David Blunkett’s belated decision to try to enjoy a private life has been of endless fascination to the tabloids, at the expense of what is a far more intriguing question. He now has the opportunity, given to very few politicians, to right a wrong, which, had he been any less determined, could have ruined his life.
Over 40 years ago he arrived at his sixteenth birthday with no formal educational qualifications, because his school at the time didn’t think it was worth putting him in for them, thus potentially consigning him to the extremely limited range of careers open to under-qualified blind people at the time.
He could then have been part of the statistic which saw then, and still sees, about three out of every four blind people failing to get a job at all. But as his story comes full circle, he now has the opportunity to do something radical about this. As secretary of state at the Department of Pensions, he has inherited the extremely tricky juggling act of encouraging disabled people into work, thus at the same time bringing down the cost of the government’s benefits bill, while not appearing to use coercion, or expecting people to settle for absolutely anything as long as it keeps them off the unemployment register and paying some level of tax.
On the face of it, it should be a marriage made in heaven. Although three secretaries of states have now come and gone in the past three years, Blunkett knows the territory from personal experience, and has a reputation for not flinching from grasping nettles; yet here could lie the problem. How will his personal experience play? Will he say: “I know what it’s like, to be expected to take a job below my abilities just because I can’t see”, or will he be inclined to say, as some disabled people are apt to do, “I’ve been through it; I’ve overcome the problems; we can offer some help, but it’s up to disabled people to help themselves”.
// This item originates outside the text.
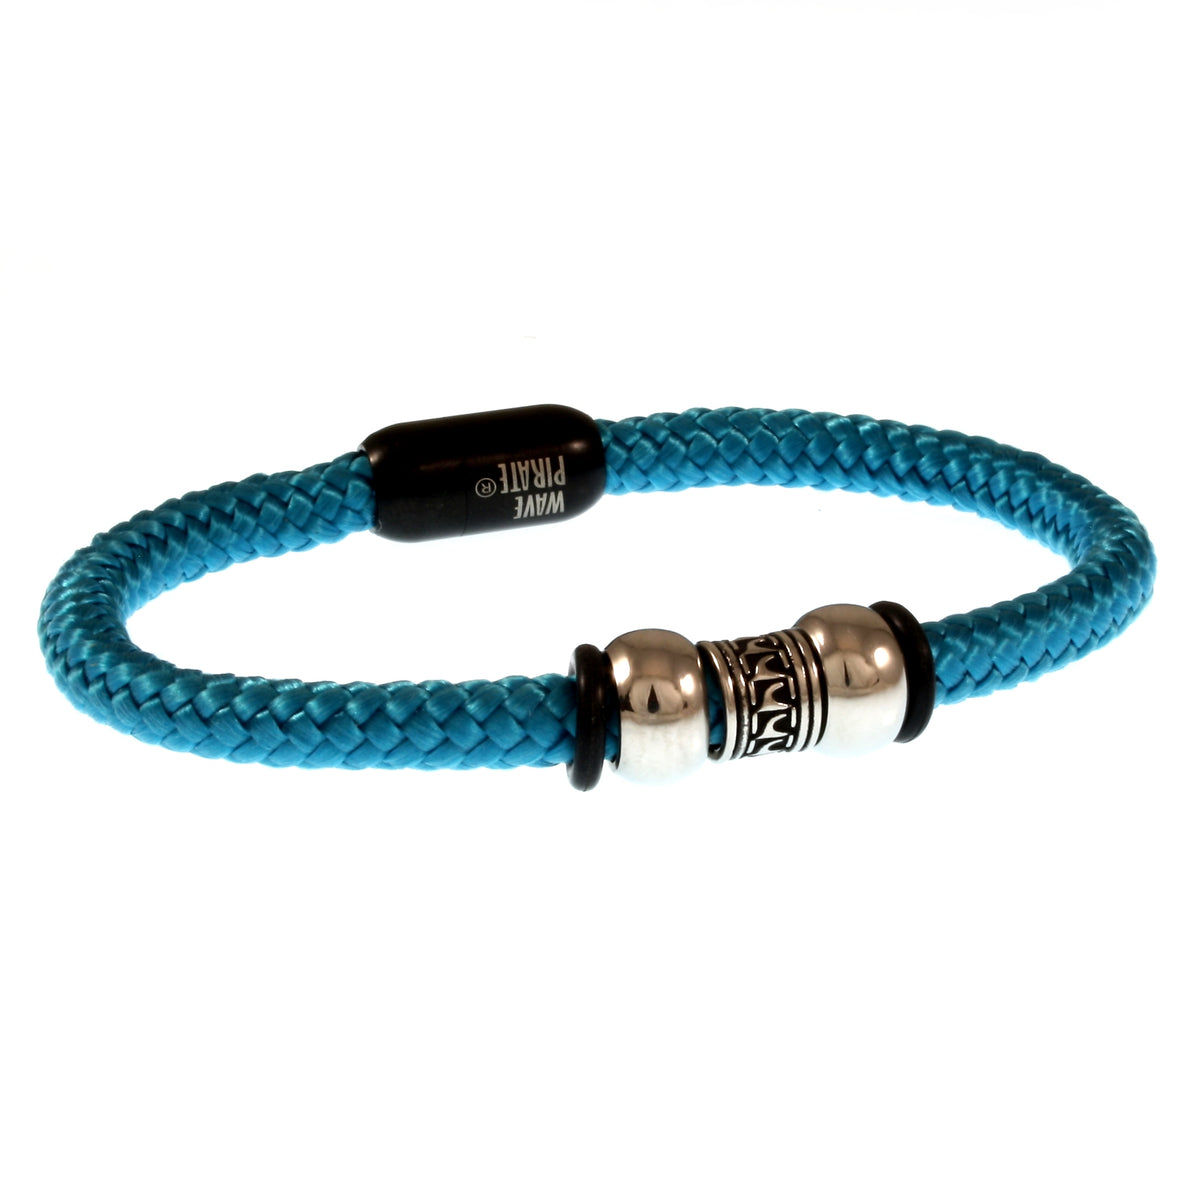 Herren-Segeltau-Armband-atoll-blau-schwarz-geflochten-Edelstahlverschluss-vorn-wavepirate-shop-st
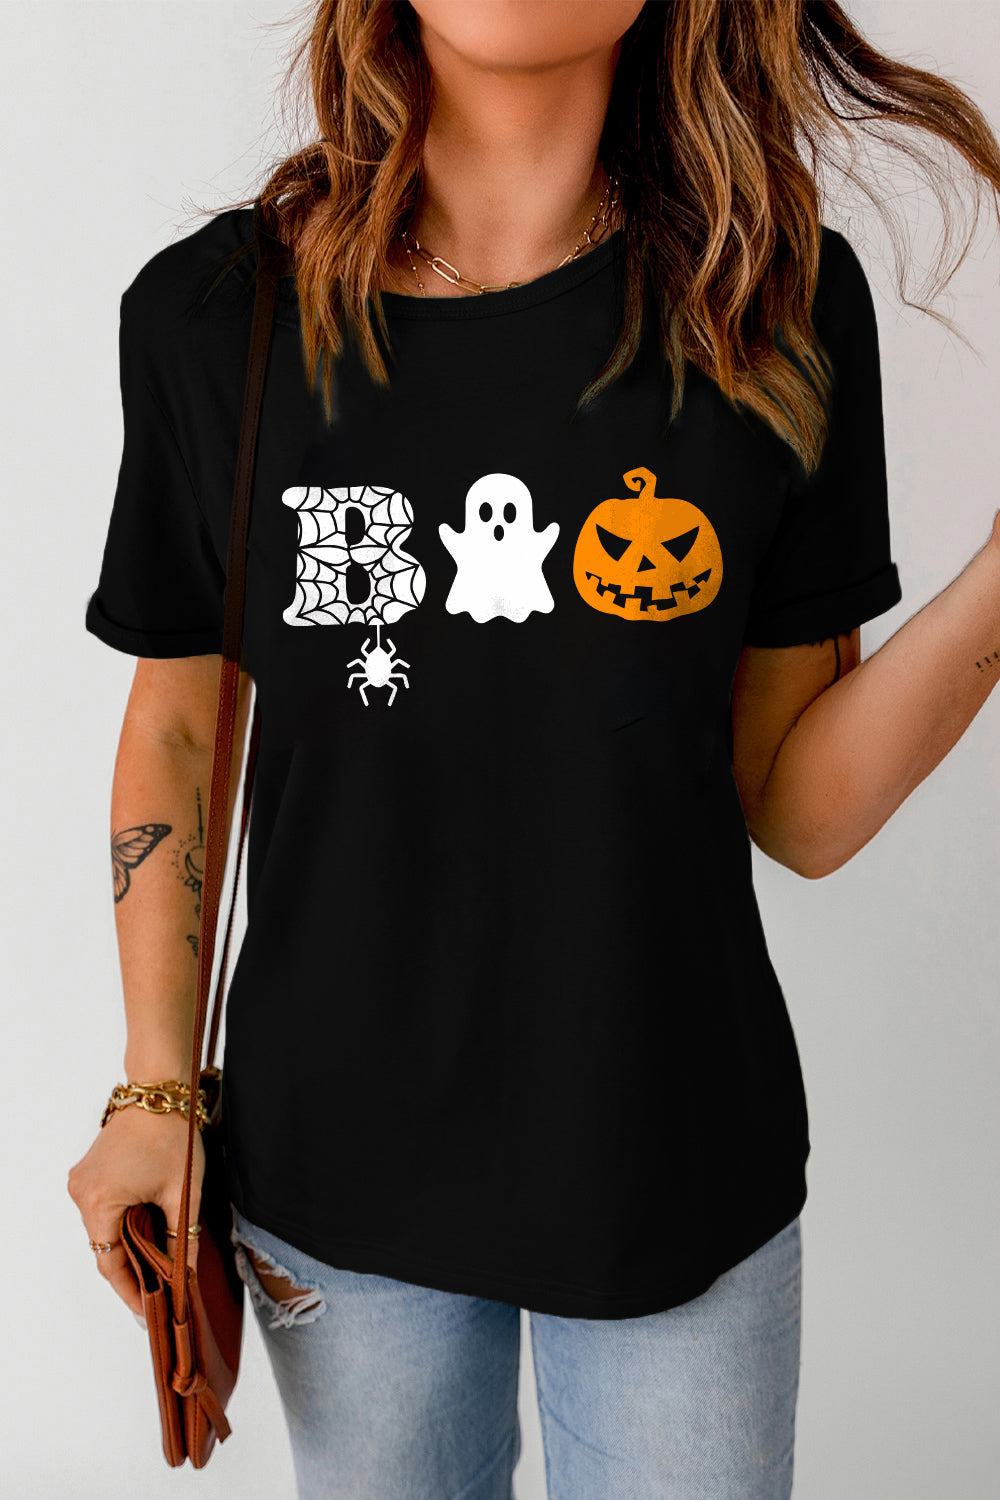 Halloween BOO Graphic T-Shirt, Fall Pumpkin Shirt

In a documentary I made on Blunkett 18 months ago, his fellow Sheffield MP Roy Hattersley claimed to detect in him an “I’ve done it, and so can you” attitude in his role as home secretary, and it’s not an unknown phenomenon in public life.
Ask the chairs of benefits tribunals who take the toughest line in appeals proceedings, and they will tell you without hesitation: other tribunal members who themselves have a disability. They often feel that their disability gives them an inherent understanding of other people “in the same boat”, however different their circumstances and temperament might be.
And there’s another reason why David Blunkett can be expected to take a tough line. The prime minister’s obsession with getting the number of people on incapacity benefit down has been obvious since he came into power. Now he has a secretary of state in place who has always been loyal to him, and who now owes him a debt of gratitude for rescuing him from the political wilderness.
I have absolutely no doubt about Blunkett’s sincere desire to help as many disabled people back to work as possible; nor do I doubt his sincere belief that they will thank him for it in the end. I just hope that the new green paper on welfare reform does not mean too many bootstraps are pulled up in the attempt; not everyone is as tough as David Blunkett, nor can they all be made so.